START Exercise data
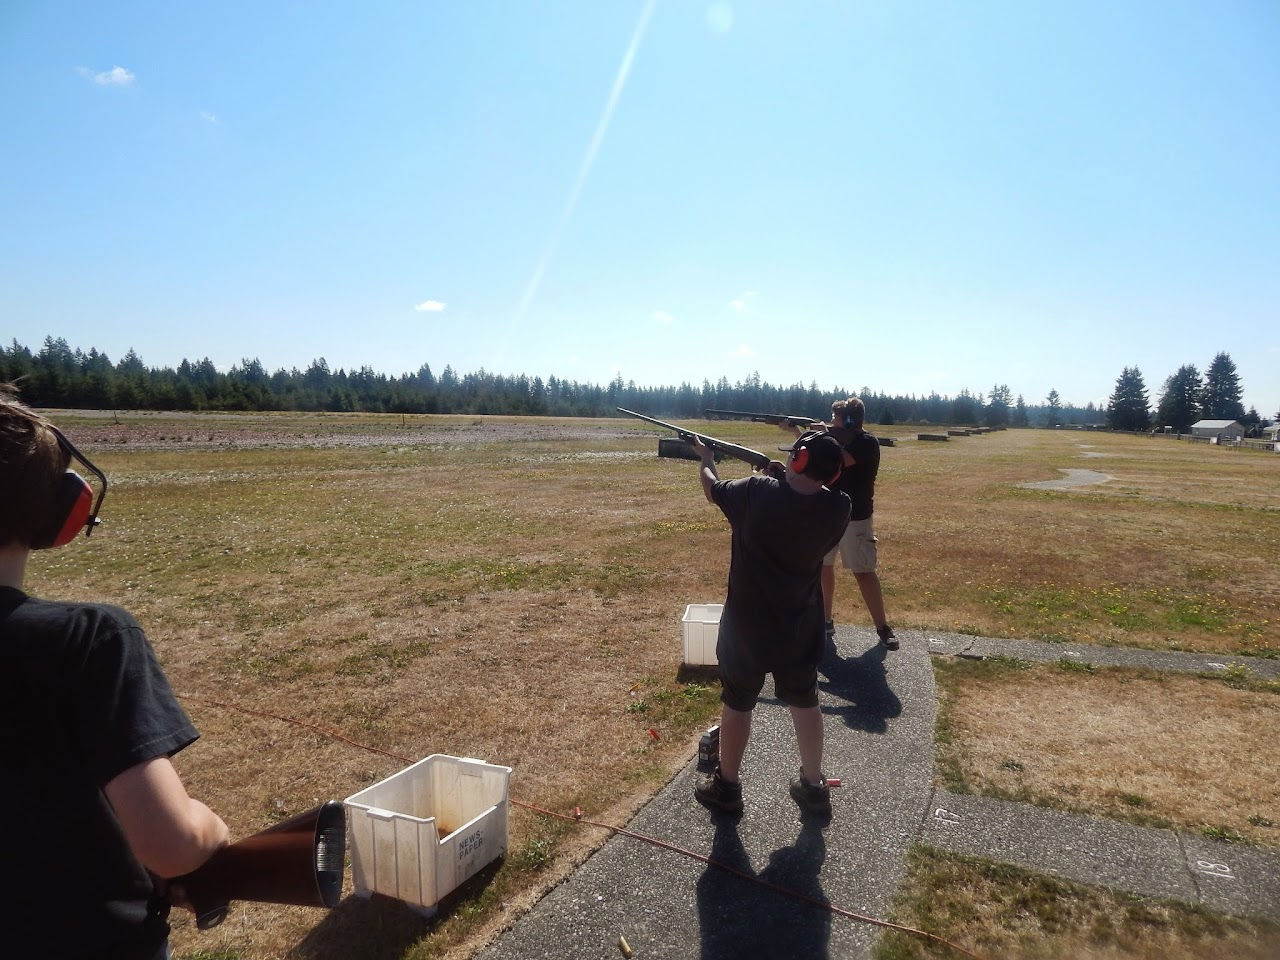 Shooting Sports Aug 2014 - DSCN1893.JPG
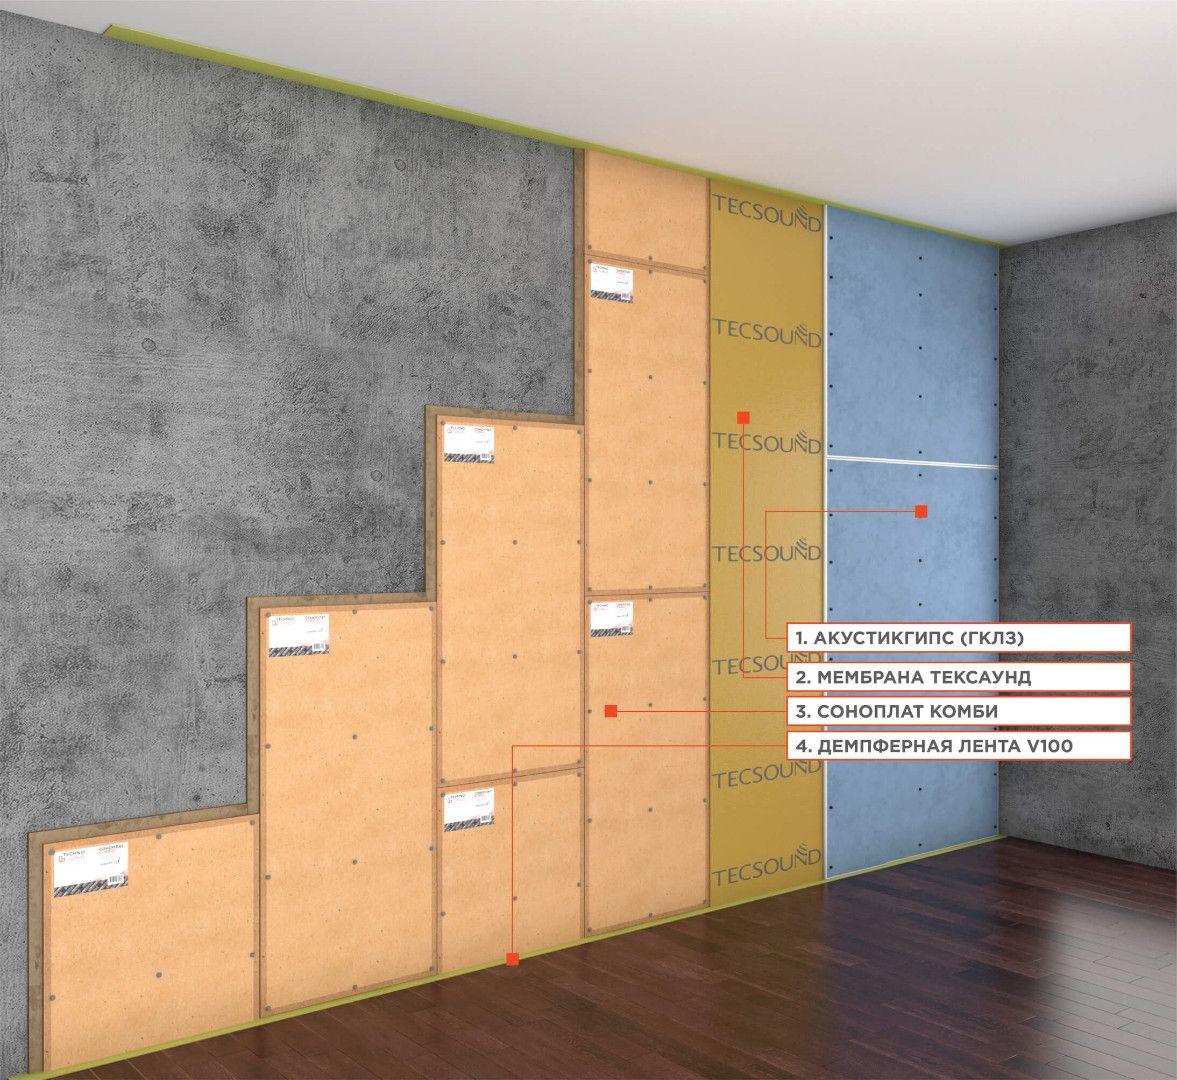 Бескаркасные материалы для звукоизоляции стен
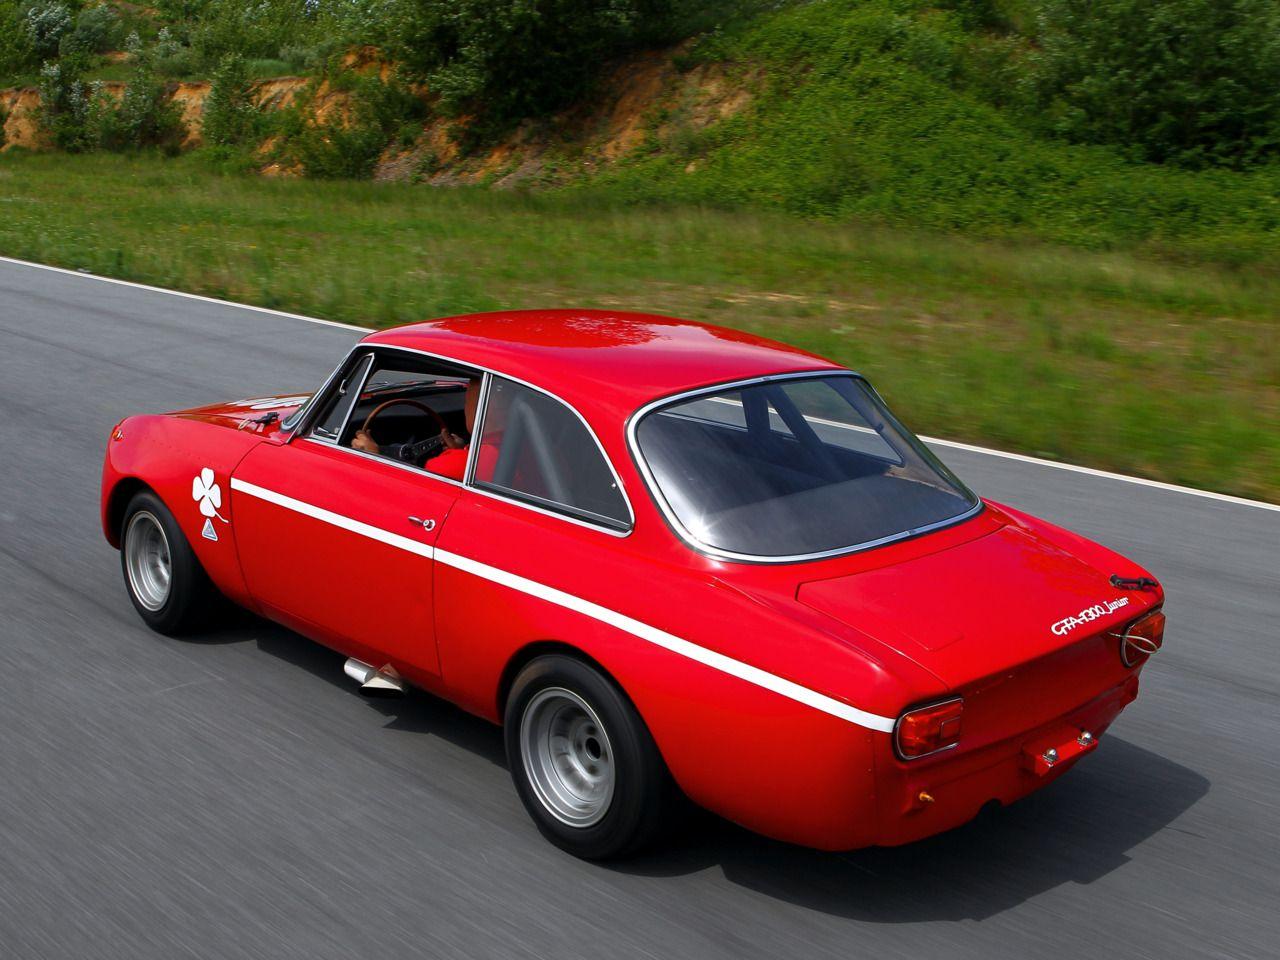 1968 alfa romeo giulia 1300 gta junior corsa | things i like
END Exercise data
Action item: Beginning at the line that contains "Бескаркасные материалы для" and ending at the last line of the data, return each line exactly; no picture belongs in the copy.

Written solution:
 Бескаркасные материалы для звукоизоляции стен
 1968 alfa romeo giulia 1300 gta junior corsa | things i like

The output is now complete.